CONTRIBUTION ÉCRITE DU GROUPE COMMUNISTE, RÉPUBLICAIN, CITOYEN ET ÉCOLOGISTE (CRCE)

Les travailleuses, les travailleurs et les entreprises sont confrontés à une évolution du travail et des modes de travail depuis de nombreuses années et c'est ce constat que nous partageons.

Comme le souligne la délégation aux entreprises du Sénat, de nombreux phénomènes sont à l'origine de ces bouleversements : numérisation, robotisation et évolution des tâches, télétravail, externalisation, multiplication des plateformes sont des exemples avancés dans le rapport. Toutefois, la précarisation des travailleurs et ce, quel que soit leur statut, l'éloignement toujours plus important des directions du fait de la financiarisation de l'entreprise et de son actionnariat, la multiplication de « boulots sans intérêt » , la perte de repères, la perte de sens du et dans le travail à cause d'une attaque sans précédent du salariat sont autant d'éléments qui ne sont pas suffisamment mis en avant dans le présent rapport.

La crise sanitaire de 2020 n'a fait qu'amplifier certaines tendances lourdes. En ce sens les nouveaux modes de travail sont plus souvent subis que choisis et cela interroge la capacité du Travail et de l'Entreprise à faire sens dans notre société.

Comme cela a été rappelé lors de nos auditions, « les nouvelles technologies ont polarisé la société. Les travailleurs déjà autonomes le sont davantage, mais la subordination s'est également renforcée . La profession de routier était synonyme de liberté, désormais, ces conducteurs sont surveillés par un GPS ».

Mais si les nouvelles formes de travail auront un impact sur les travailleurs, et il faut garder à l'esprit qu'elles auront aussi un impact sur l'entreprise, sur la capacité à préserver et développer les savoir-faire et l'engagement des travailleurs.

Et c'est là que le bât blesse car ce rapport accentue les attaques contre le salariat : généralisation du portage salarial (proposition 9), exonération de cotisations (proposition 11, 5, 7), promotion de l'auto-entreprenariat, sous-estimation des problèmes liés au télétravail et de la remise en cause de l'unité de temps et de lieu.
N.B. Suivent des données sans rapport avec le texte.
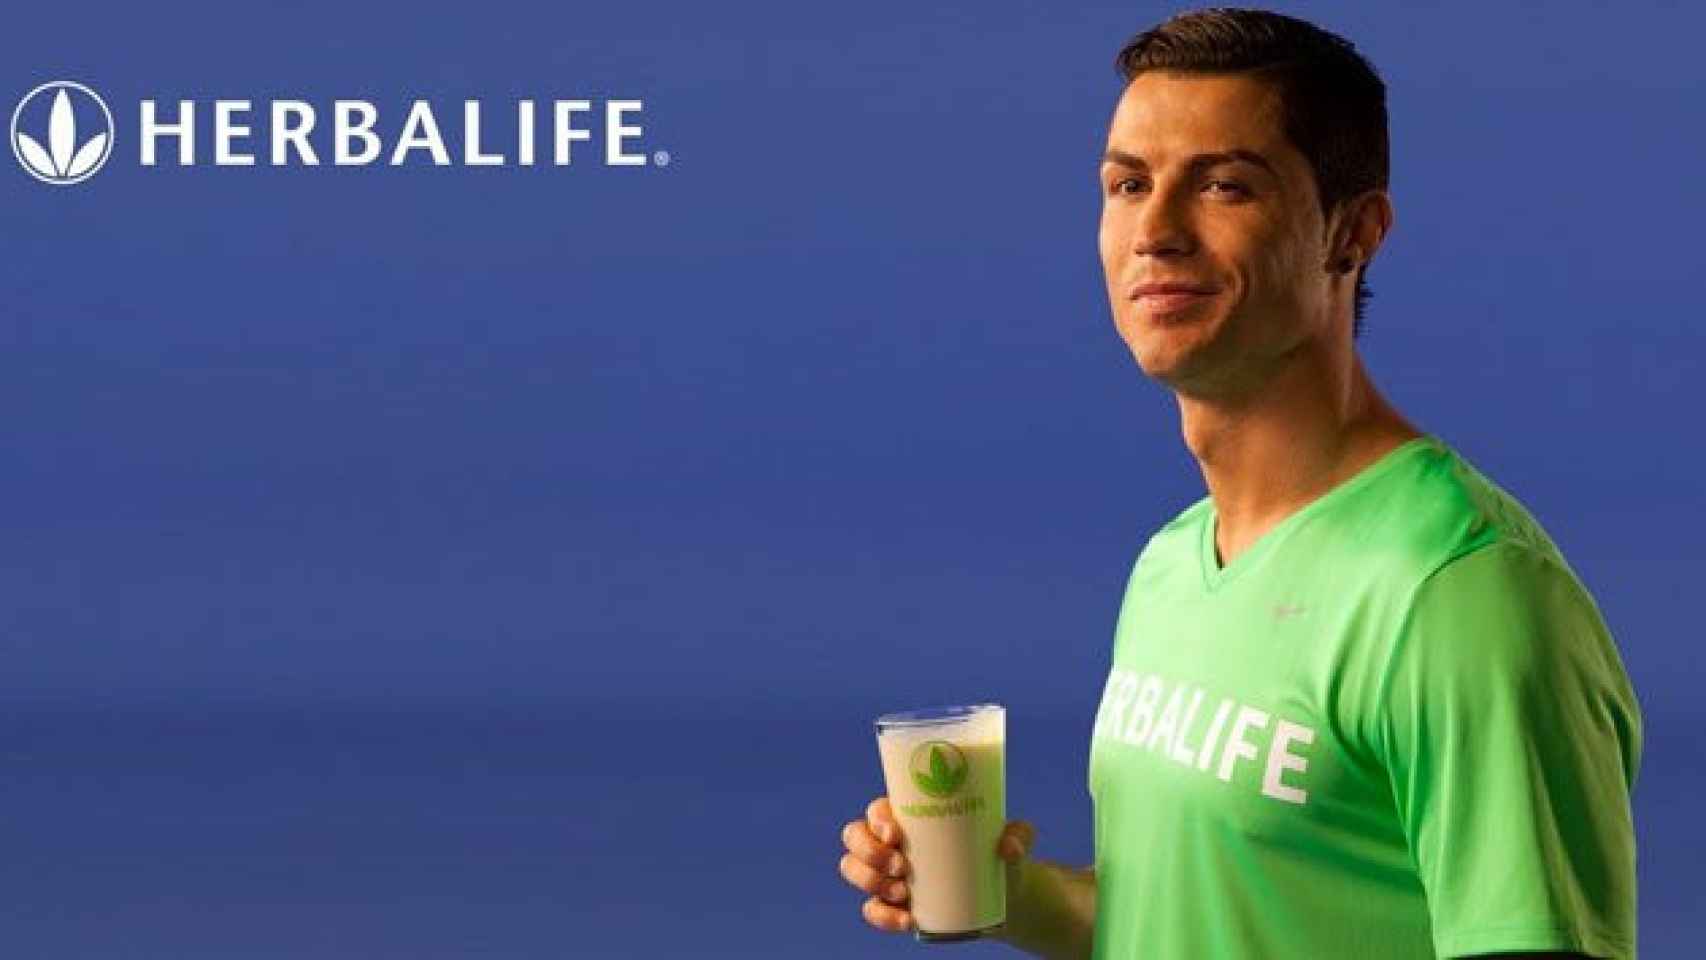 Cristiano Ronaldo, fichaje estrella para ser embajador de Herbalife
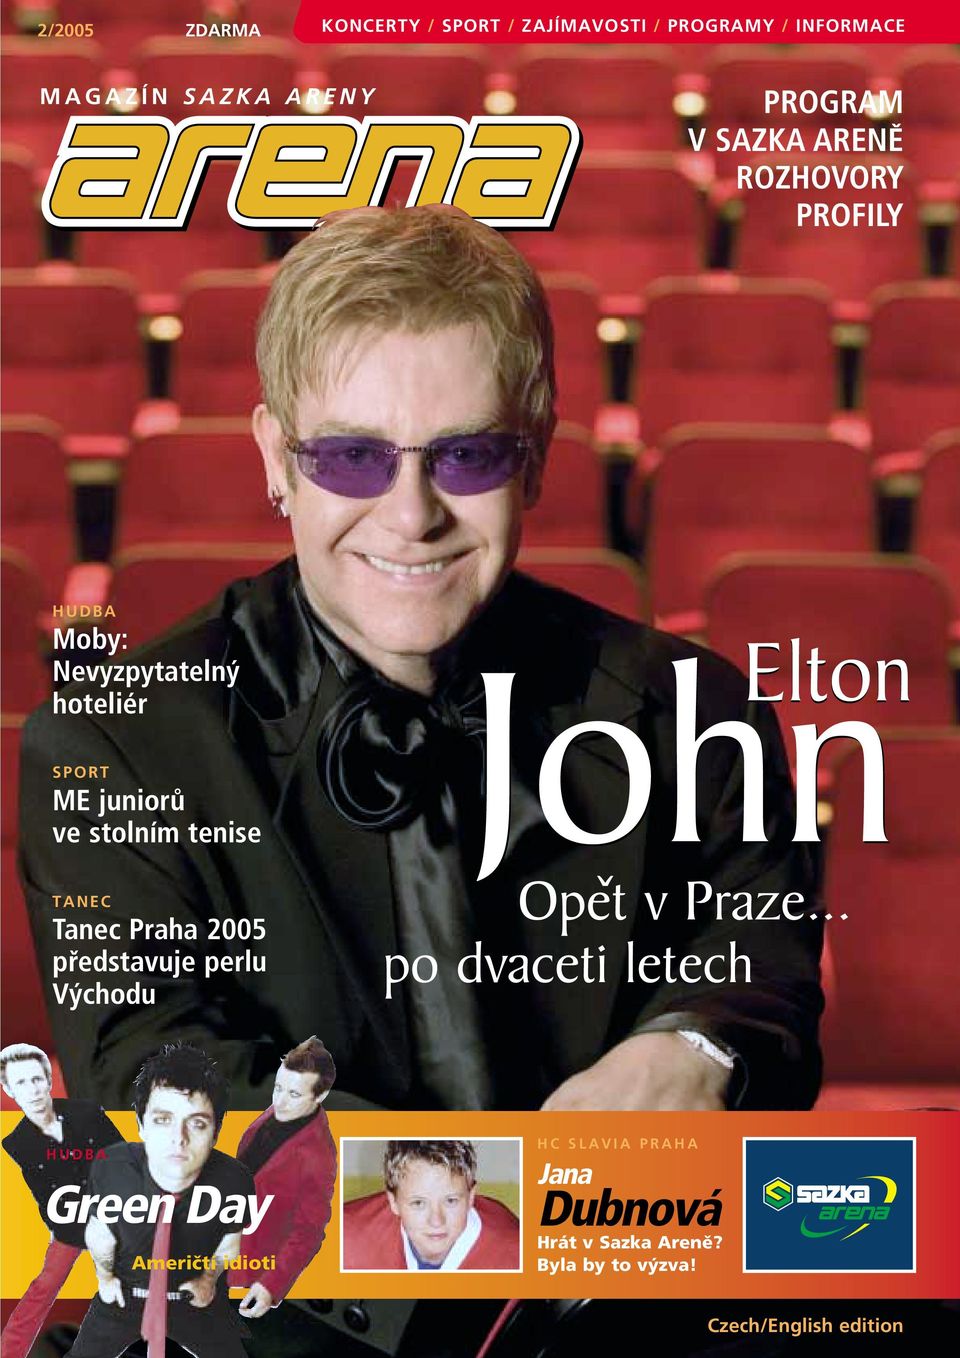 Tanec Praha 2005 představuje perlu Východu John ˇ John Elton Opet v Praze.

Alors que la crise sanitaire devrait interroger sur la création de nouvelles contributions sociales sur les revenus financiers et les entreprises pour financer la Sécurité sociale, le rapport préconise au contraire d'accentuer la réduction de ses ressources en proposant des allègements supplémentaires de cotisations sociales.

Et pourtant, comme le souligne France Stratégie, les nouvelles formes de travail entrainent et entraineront une intermittence des carrières et des revenus , or aucune solution n'est véritablement envisagée pour pallier cette possible paupérisation d'une partie importante de la population.

Il en est de même d'une utilisation du numérique visant à accentuer la flexibilité des salariés, alors même que le droit à la déconnexion peine à être appliqué, que la santé des salariés n'est pas assurée et que l'équilibre entre vie privée et vie professionnelle pourtant inscrite dans le code du travail est loin d'être la règle.

Sur le management, en suivant finalement la vision du MEDEF, le rapport amplifie le transfert de la responsabilité du management sur les managers or l'existence de problèmes managériaux ne peut être dissociée des politiques d'entreprises, du manque de moyens des managers pour gérer les équipes, l'existence d'injonctions contradictoires, autant d'éléments que la crise sanitaire a révélés. (proposition 15)

Tout cela alors même que « la destruction massive d'emplois, la fin du salariat et la disparition de nombre de métiers occupés par ceux qui constituent aujourd'hui la classe moyenne sont loin d'être envisagées comme l'évolution la plus probable », toujours selon France Stratégie.

1/ Sur le télétravail :

Le télétravail a été étendu en vertu de l'urgence sanitaire à de nombreux salarié•es et entreprises qui ne le pratiquaient pas jusque-là et une enquête récente de Ugict-CGT démontre le caractère maltraitant que peut revêtir le télétravail à temps plein en mode dégradé et improvisé avec :

• une intensification du travail ;

• une fragilisation du collectif de travail ;

• une surcharge de travail pour certains salariés en même temps que d'autres sont en sous-charge, les deux créant des facteurs de risques psychosociaux ;

• une porosité accrue de la frontière entre vie personnelle et professionnelle ;

• des modes de management qui montrent leurs limites.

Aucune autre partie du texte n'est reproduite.